Tricyclic antidepressants: (Major) Concomitant use of meperidine with tricyclic antidepressants (TCAs) may cause excessive sedation and somnolence. Limit the use of opioid pain medications with TCAs to only patients for whom alternative treatment options are inadequate. If concurrent use is necessary, reduce initial dosage and titrate to clinical response; use the lowest effective doses and minimum treatment durations. Also monitor patients for the emergence of serotonin syndrome or signs of urinary retention or reduced gastric motility. Discontinue all serotonergic agents and initiate symptomatic treatment if serotonin syndrome occurs. The concomitant use of opioids with other drugs that affect the serotonergic neurotransmitter system has resulted in serotonin syndrome. The concomitant use of anticholinergic drugs may increase the risk of urinary retention and/or severe constipation, which may lead to paralytic ileus.

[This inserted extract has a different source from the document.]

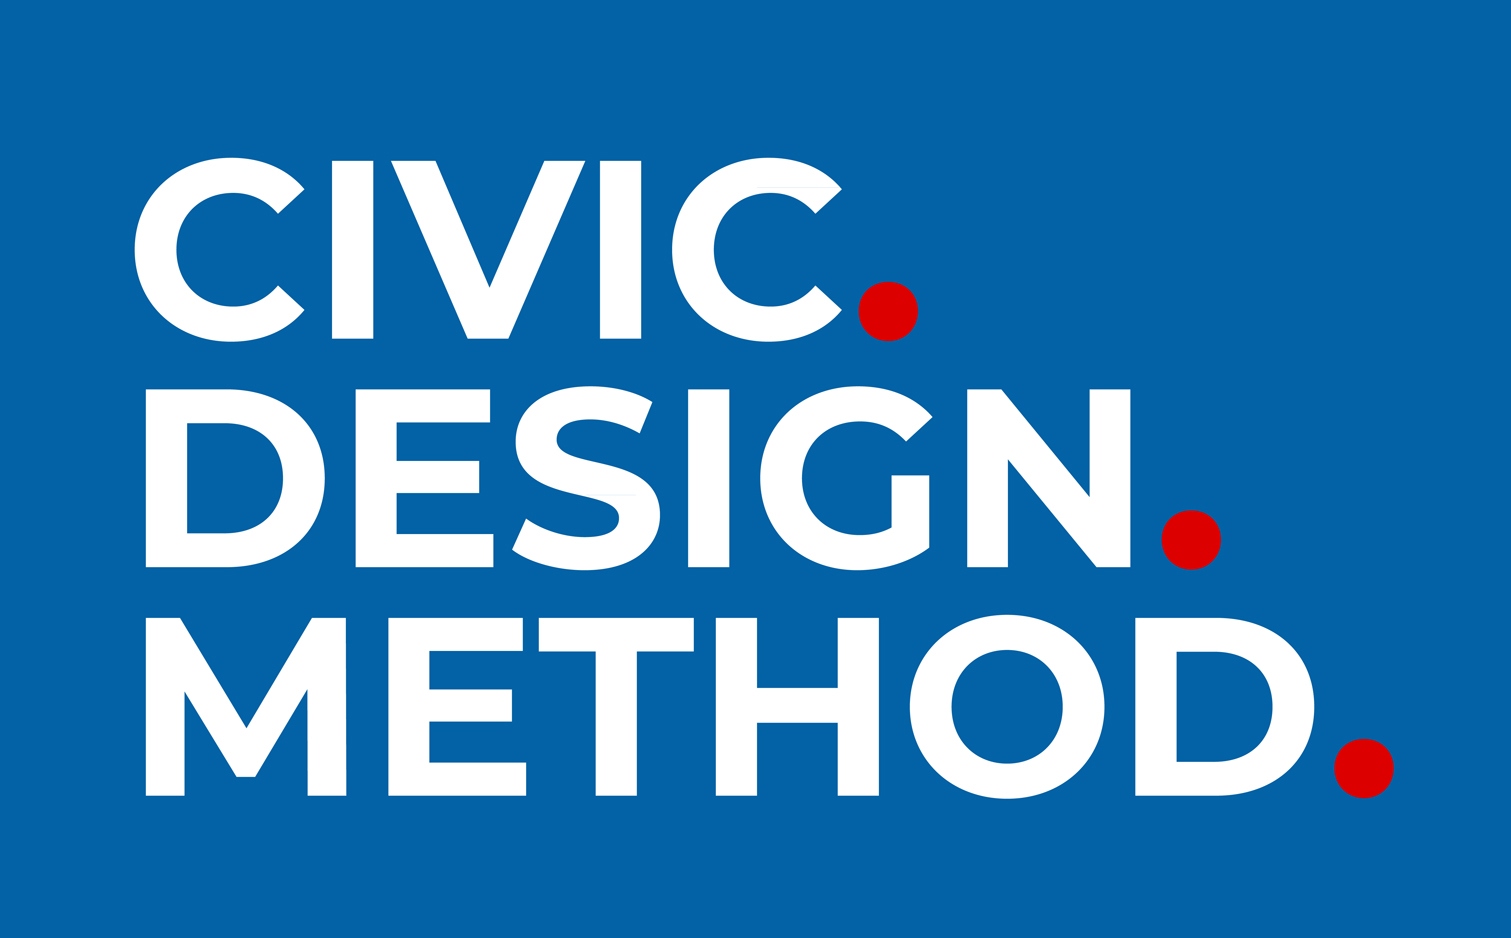 Civic Design Method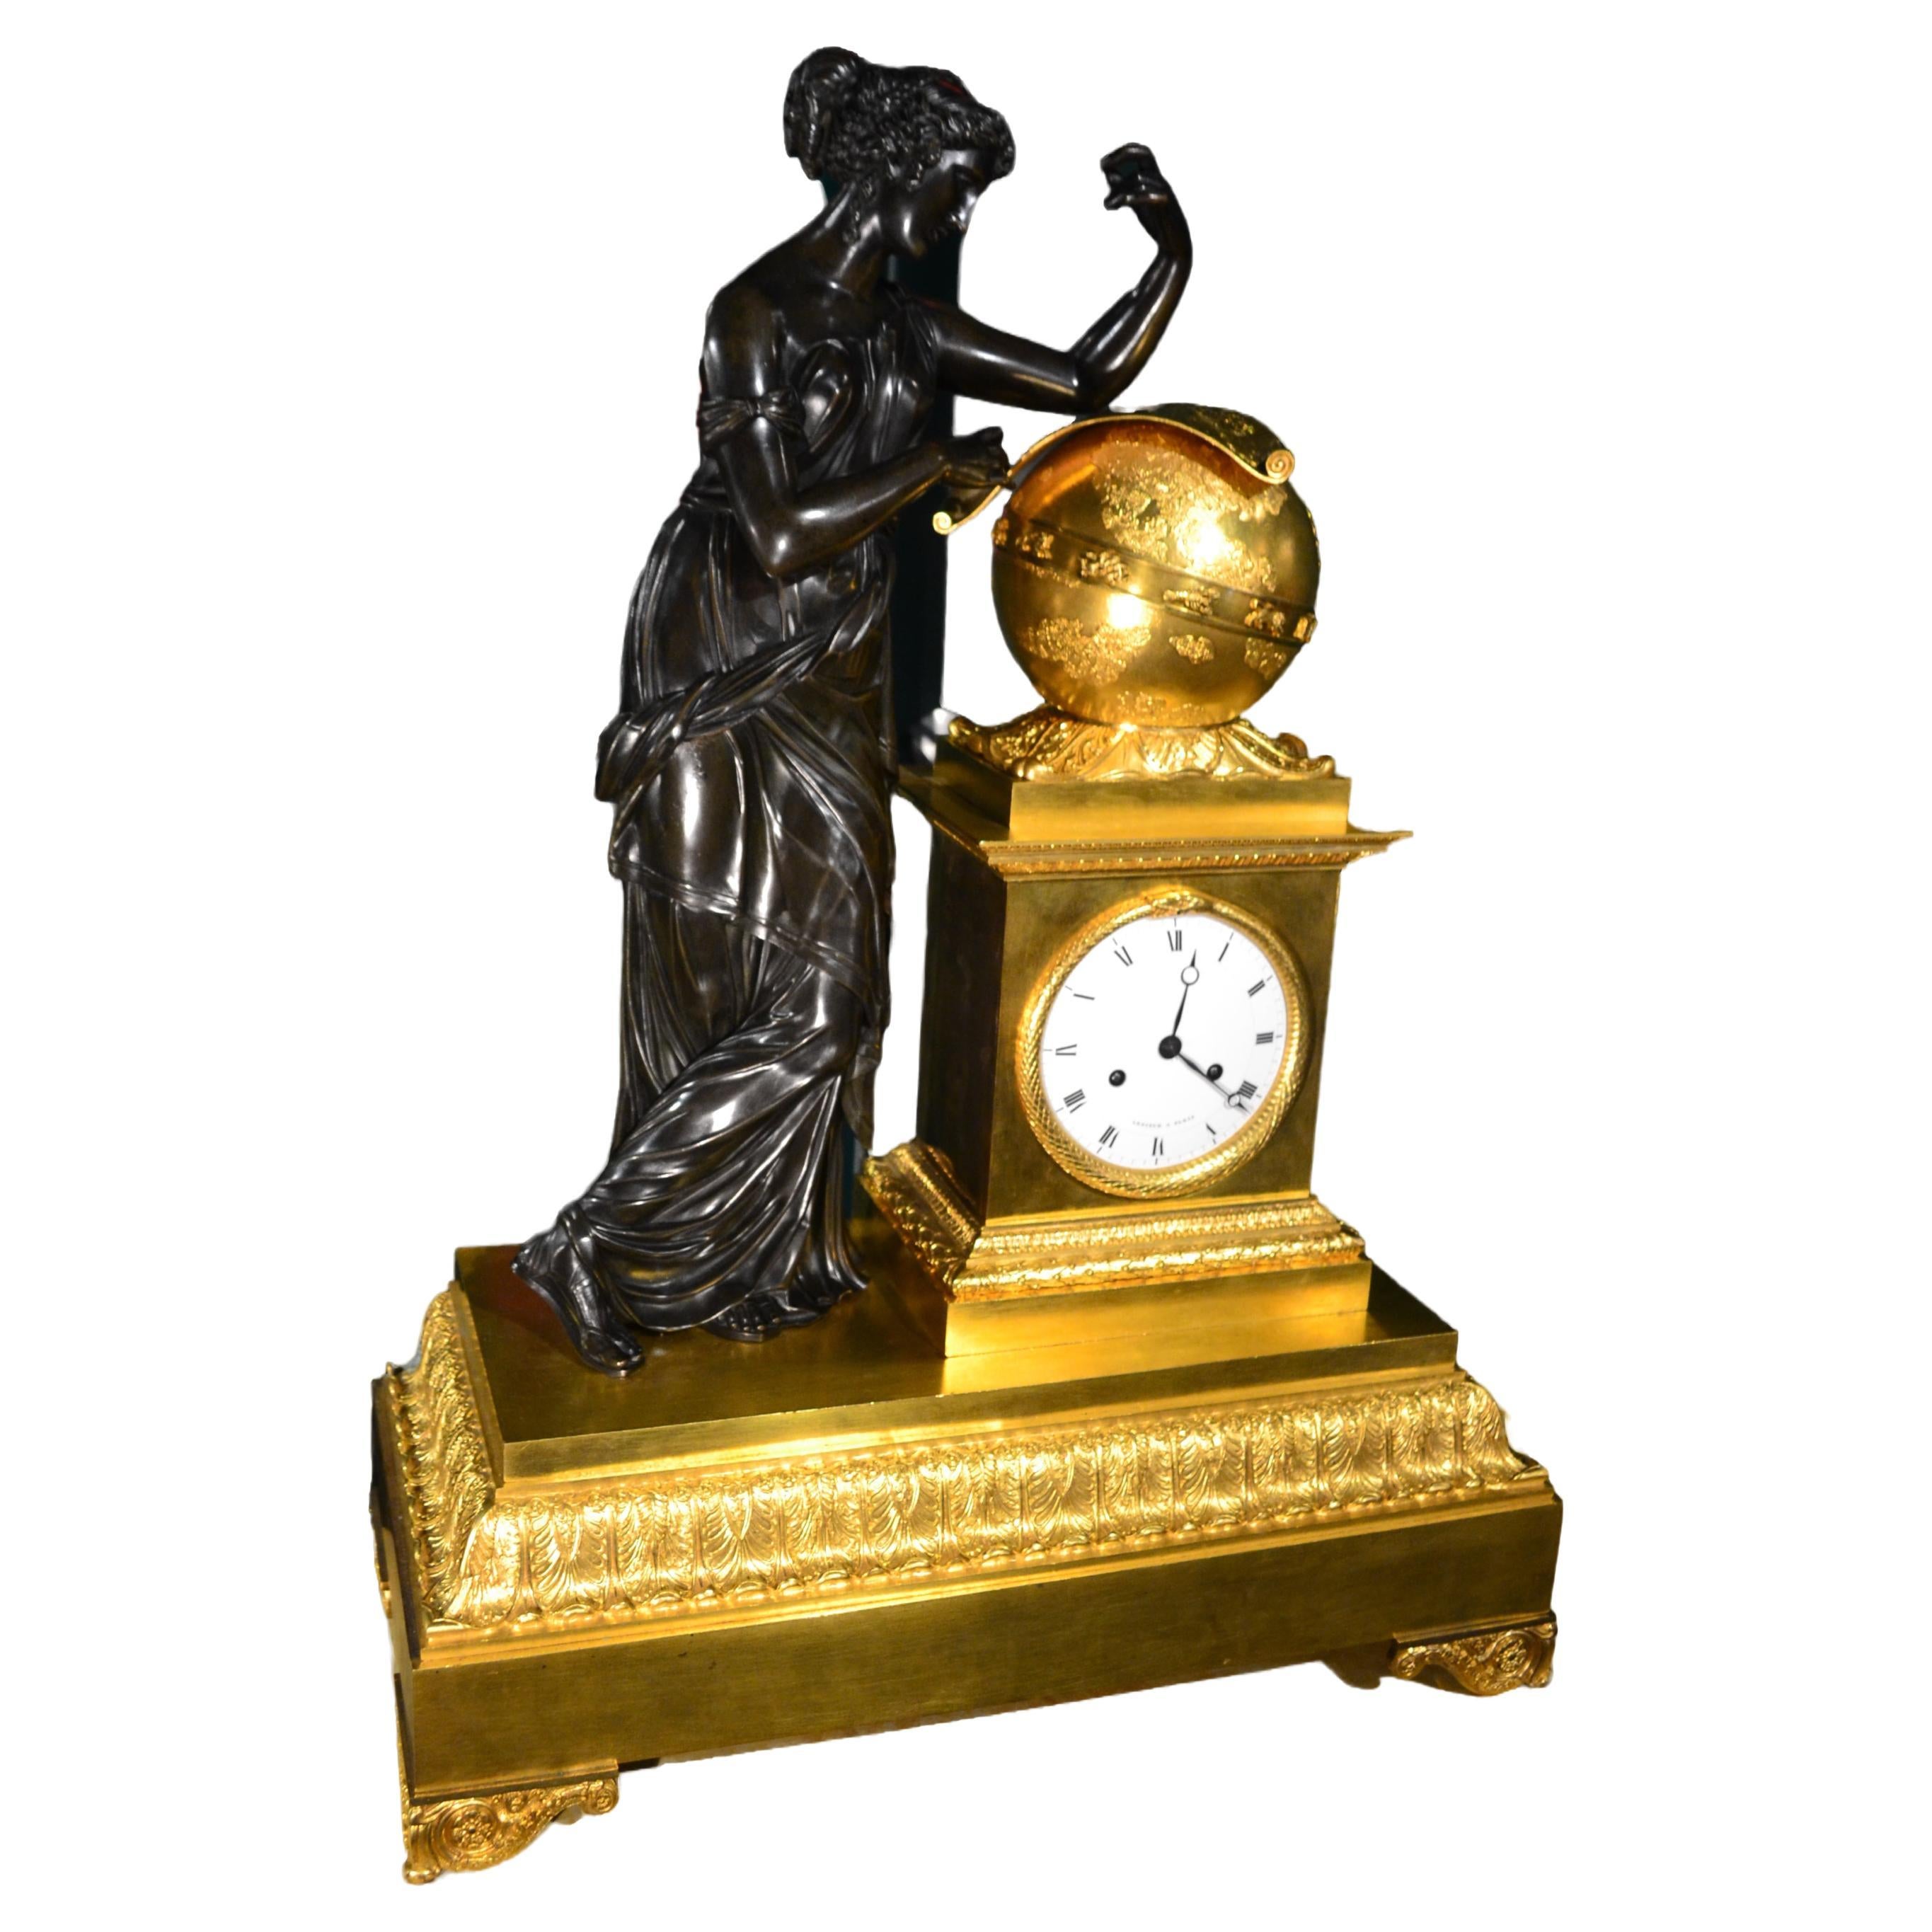 
Magnifique horloge de manteau en bronze doré et patiné d'époque Empire français représentant Urania, la muse grecque de l'astronomie, debout sur une base rectangulaire en bronze doré, son coude gauche reposant sur un grand globe céleste doré avec

Trifluoperazine: (Major) Phenothiazines can potentiate the CNS-depressant action of other drugs such as meperidine. Caution should be exercised during simultaneous use of these agents due to potential excessive CNS effects or additive hypotension.
Trihexyphenidyl: (Moderate) Monitor patients for signs of urinary retention or reduced gastric motility when meperidine is used concomitantly with an anticholinergic drug. The concomitant use of meperidine and anticholinergic drugs may increase risk of urinary retention and/or severe constipation, which may lead to paralytic ileus. Opiates increase the tone and decrease the propulsive contractions of the smooth muscle of the gastrointestinal tract. Prolongation of the gastrointestinal transit time may be the mechanism of the constipating effect.
Trimethobenzamide: (Moderate) The concurrent use of trimethobenzamide with other medications that cause CNS depression, like opiate agonists, may potentiate the effects of either trimethobenzamide or the opiate agonist.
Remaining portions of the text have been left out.